> Material to process
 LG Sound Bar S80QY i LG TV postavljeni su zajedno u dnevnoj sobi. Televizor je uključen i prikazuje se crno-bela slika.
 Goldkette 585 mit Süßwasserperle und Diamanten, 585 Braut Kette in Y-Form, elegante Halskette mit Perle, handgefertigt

==

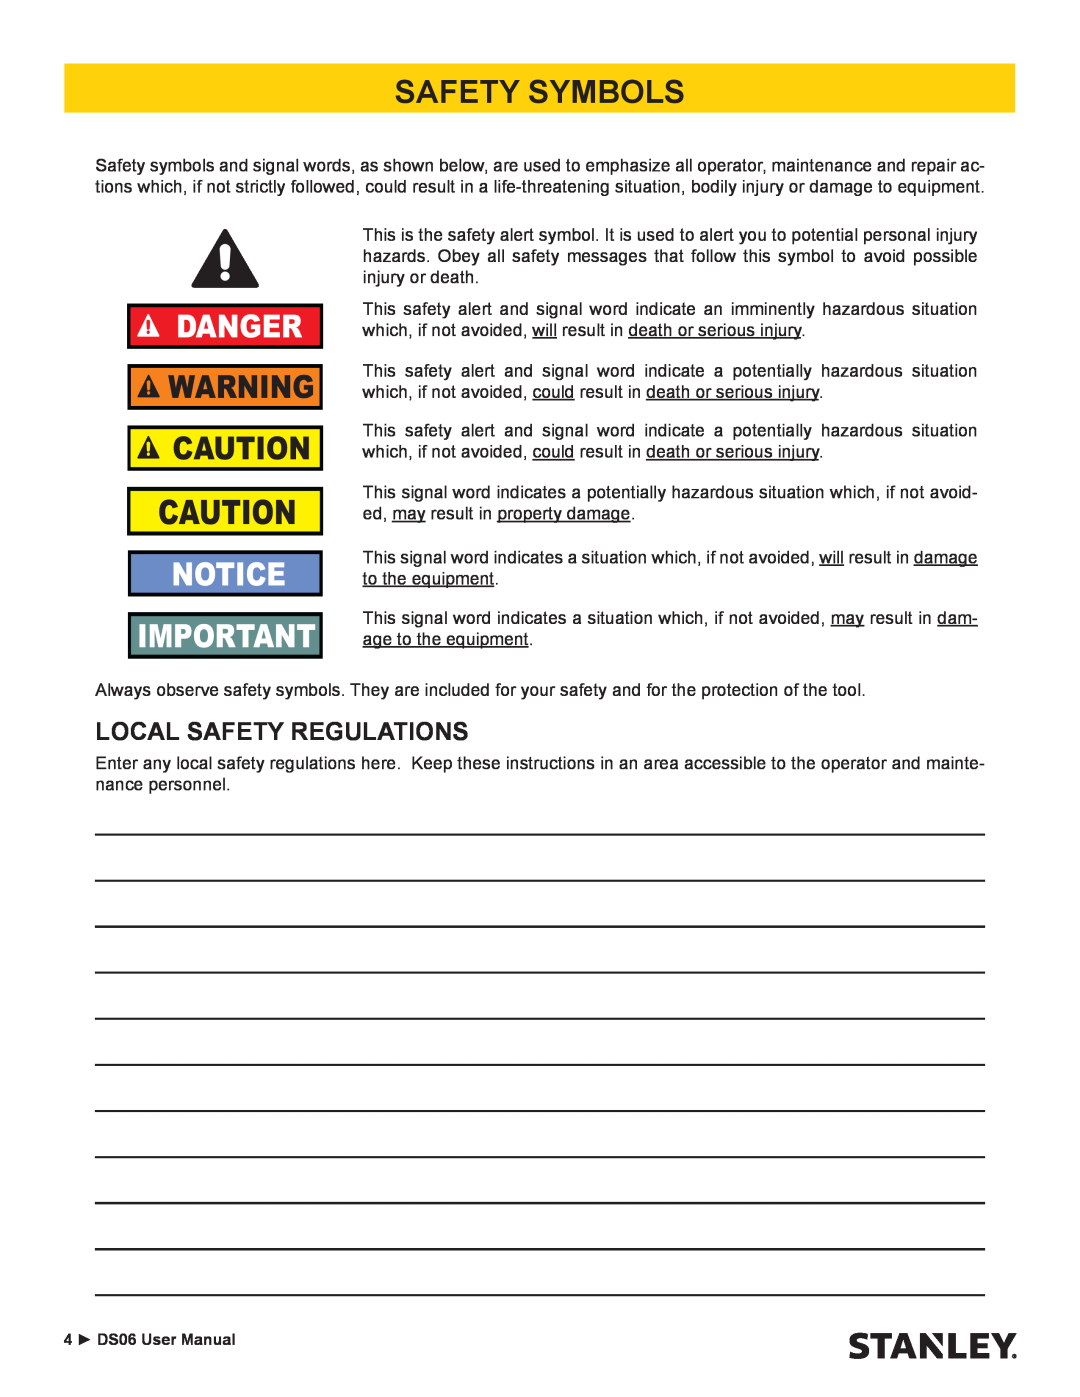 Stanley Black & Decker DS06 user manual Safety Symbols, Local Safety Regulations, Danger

> Task goal
Only the lines above starting at the line that holds "LG Sound Bar" and ending at the line that holds "Goldkette 585 mit" are to be repeated, exactly and in full.

> Response to this task
 LG Sound Bar S80QY i LG TV postavljeni su zajedno u dnevnoj sobi. Televizor je uključen i prikazuje se crno-bela slika.
 Goldkette 585 mit Süßwasserperle und Diamanten, 585 Braut Kette in Y-Form, elegante Halskette mit Perle, handgefertigt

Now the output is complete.